Something is deeply wrong with how we fund local government in Missouri.

This Is Not How You Design a Survey, DESE

Suppose your boss comes to you one day and asks you to take a survey. He or she asks you, “When considering the components of compensation, please indicate the level of priority you feel that management should give to each. Your choices are more pay (an increase in base salary), performance pay for certain metrics, better health care benefits, or other stipends such as loan forgiveness or housing allowances. What do you choose?”

If you are like most people, you’d choose more pay.

If this survey were conducted with everyone in your company, what would it tell you?

It would tell you compensation preferences among people currently employed by the company.

That’s it.

It would not tell you whether boosting compensation in these ways would increase retention. It wouldn’t tell you whether you’d get more candidates applying for jobs if you did these things.

Of course, you may infer those things . . . but you could be wrong.

If you wanted to know those things, you’d need to design a better survey and you may need to survey different people.

For instance, if you want to know why people are leaving or staying, then you should ask that question.
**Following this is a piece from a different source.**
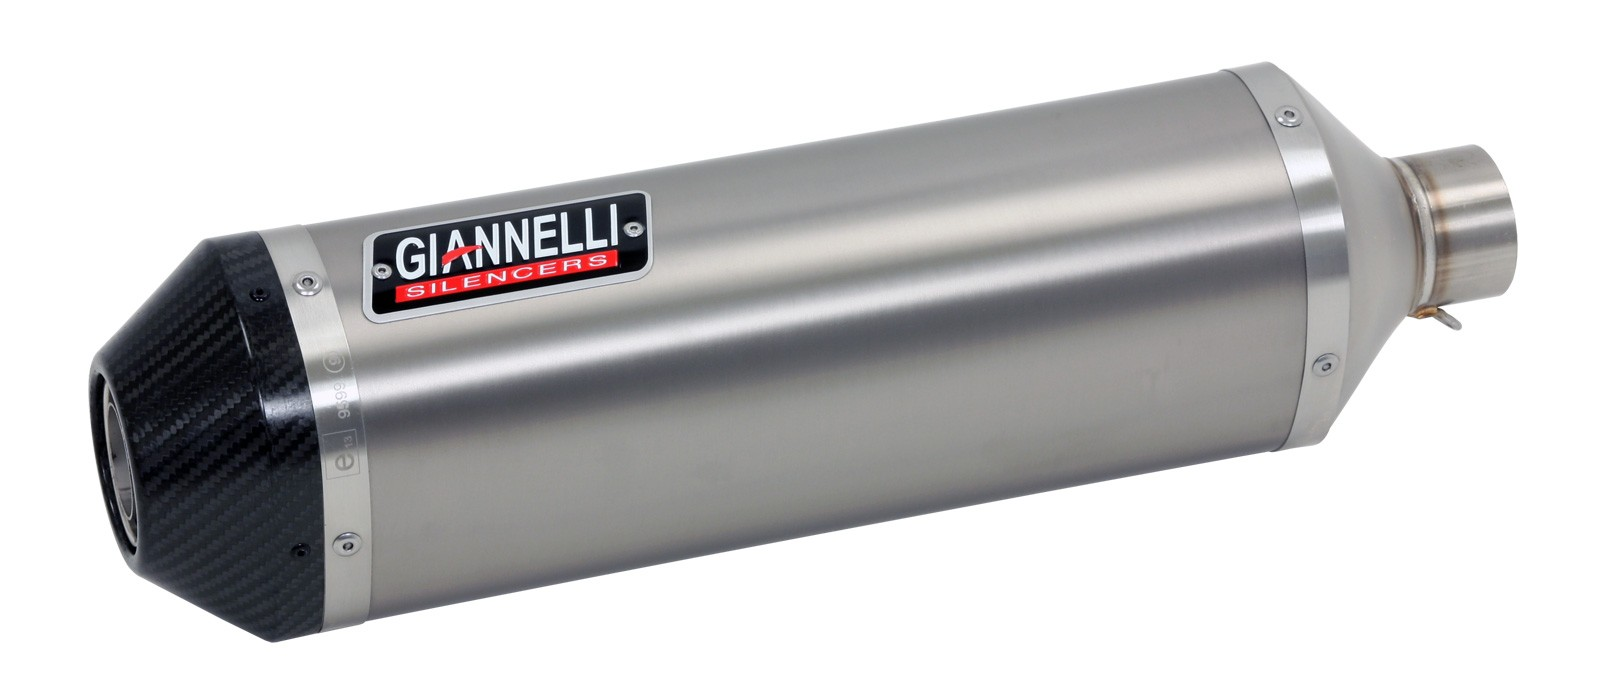 ESCAPES GIANNELLI HONDA - Sistema completo IPERSPORT Silenciador aluminio versión Black Line Honda CBR 125 R Giannelli

You should ask people who left the job why they left and what would have enticed them to stay. You should ask current employees if they’ve thought about leaving the company and, if so, why? Those questions would help you better understand how to retain people within your company.

Similarly, if you want to know more about recruiting applicants, you’d need to ask different questions and ask questions of different people. You’d ask your employees, “What attracted you to this job?” You’d ask people not employed at your company if they ever thought about applying for a job at your company and what would entice them to work for your company.

The questions you ask matter, and poorly designed surveys do little to help us answer the questions we really want answered.

Now imagine you were going to base a $29.5 million decision on the results of this survey. You’d think you’d want to get the questions right.

Well, you would unless you were the state’s Blue Ribbon Commission looking at the state’s teacher shortage.

The figure below shows the question the commission asked teachers. As Gomer Pyle might say, “Surprise, surprise, surprise.” Teachers want what anyone asked this question might want—more money!

I’m not saying we shouldn’t pay teachers more money. Maybe we should. What I’m saying is that that the state should not base important and complex decisions on poorly constructed surveys that tell us what we should already know—people like being paid more.